Summer squash, zucchini and tomatoes make a perfect addition to any summertime meal. This summer vegetable pasta is a personal favorite go-to dish, regardless of the season (you can easily switch out the vegetables for whatever is in season!) It is super simple, easy to make, takes under 30 minutes from start to finish, and is full of nutrients!
The summer squashes and tomatoes contain large amounts of antioxidants, omega-3 fatty acids and many other vitamins and minerals. This meal contains plenty of vitamin A, vitamin B1, vitamin B6, folate, calcium, vitamin C, among many others essentials for maintaining a healthy body! With relatively low calories, good sources of protein, dietary fiber and a delicious taste, this dish is definitely a must try!
Summer Vegetable Pasta
Prep: 15 mins Cook: 10 mins Total Time: 25 mins Makes 4 Servings
- 8 oz. whole wheat penne (or whichever pasta you prefer)
- Ground black pepper
- 1 large summer squash
- 1 medium zucchini
- 1 small red onion, diced
- ¼ cup olive oil
- 2 cloves garlic, chopped
- ½ tsp red pepper flakes
- 1 pint grape or cherry tomatoes, cut in half
- 2 tbsp. fresh parsley, chopped
- 2 tbsp. fresh basil, chopped
- Bring large pot of water to boil. Add pasta and cook about 7-8 minutes.
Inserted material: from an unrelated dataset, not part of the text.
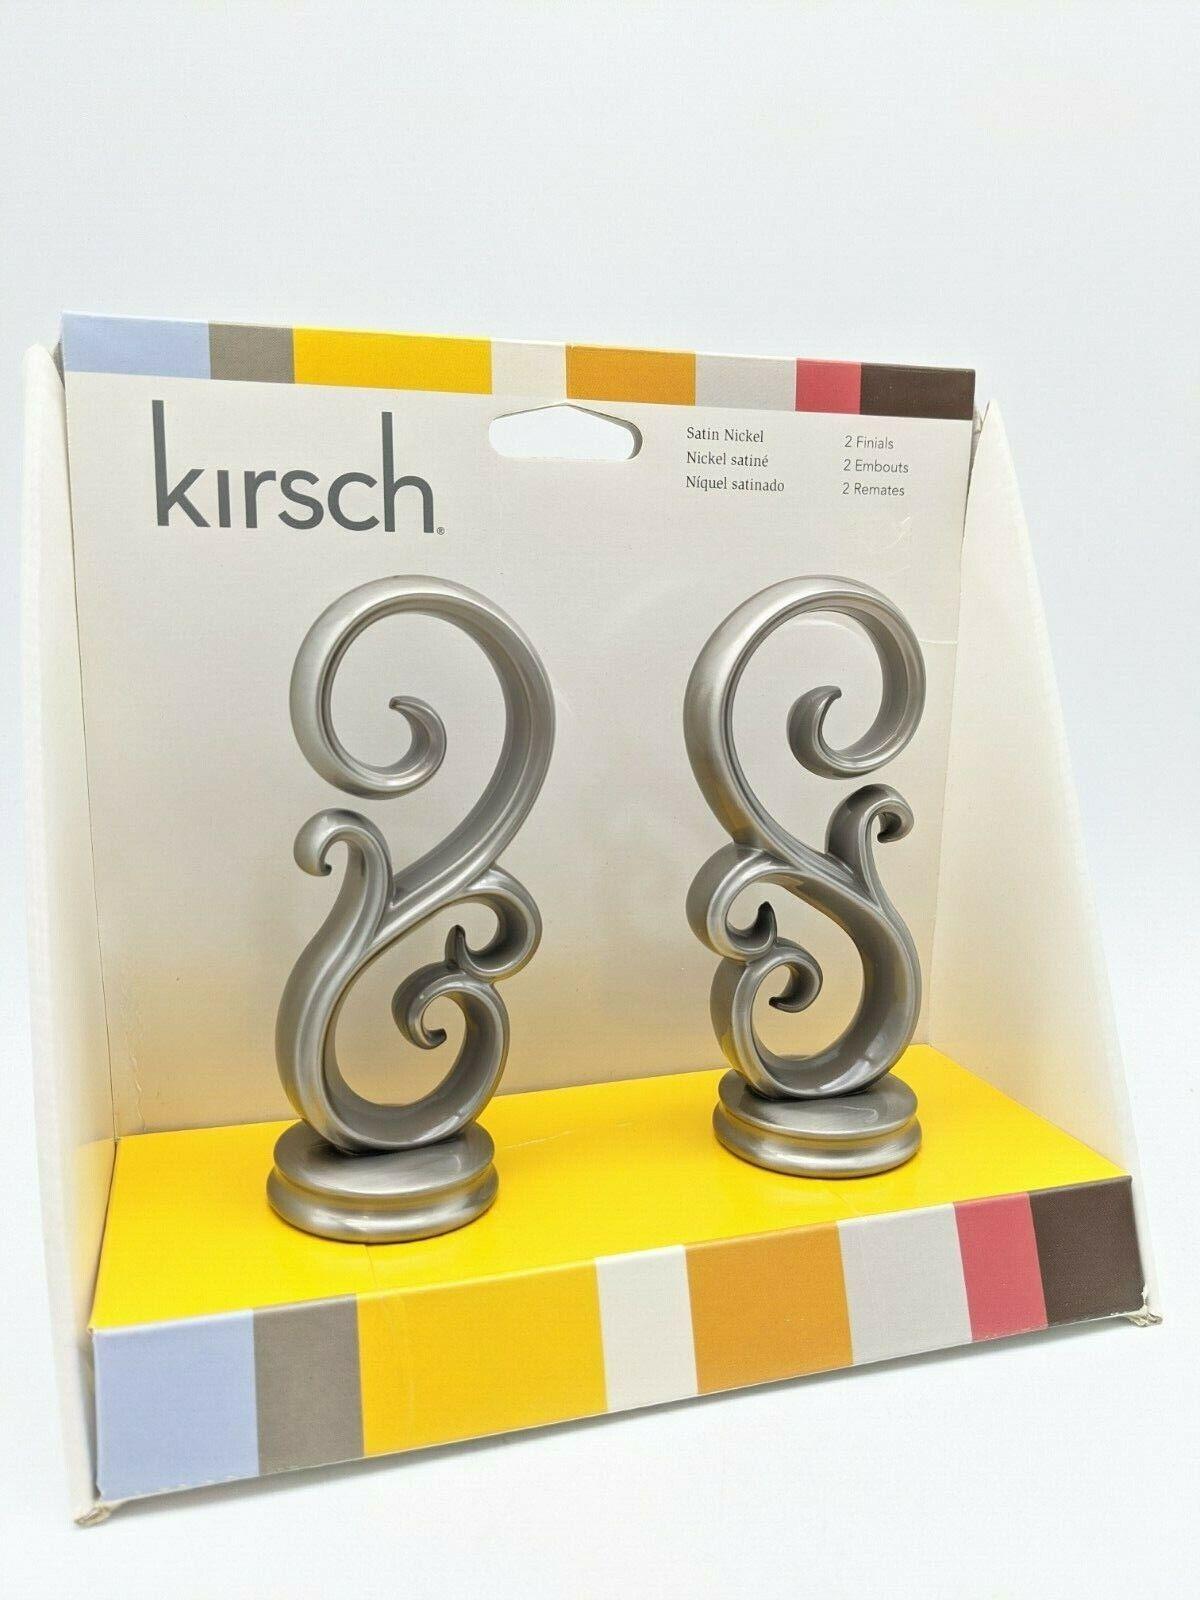 Kirsch Scroll Style Satin Nickel Metal Finials 2 Piece Set Curtain Rod Ends For Sale Online Ebay

- Slice the zucchini and the summer squash in half, lengthwise. Slice each half into ¼ inch slices.
- While pasta is cooking, heat large skillet over high heat and add 2 tablespoons of olive oil. Add the zucchini and summer squash, season with salt and pepper, and cook 3-4 minutes. Remove from skillet and set aside.
- In the same skillet, add the remaining oil and turn heat down to medium.
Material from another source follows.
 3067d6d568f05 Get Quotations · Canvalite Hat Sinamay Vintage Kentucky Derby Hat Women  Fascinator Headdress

- Add garlic, onion and red pepper flakes to skillet and sauté for 1 minute.
- Add in the tomatoes, season with salt and pepper and sauté for another 2 minutes.
- Add in the zucchini and summer squash, parsley and basil and toss together.
- Strain pasta and return to the pot. Add the sautéed vegetables to the pot and toss together.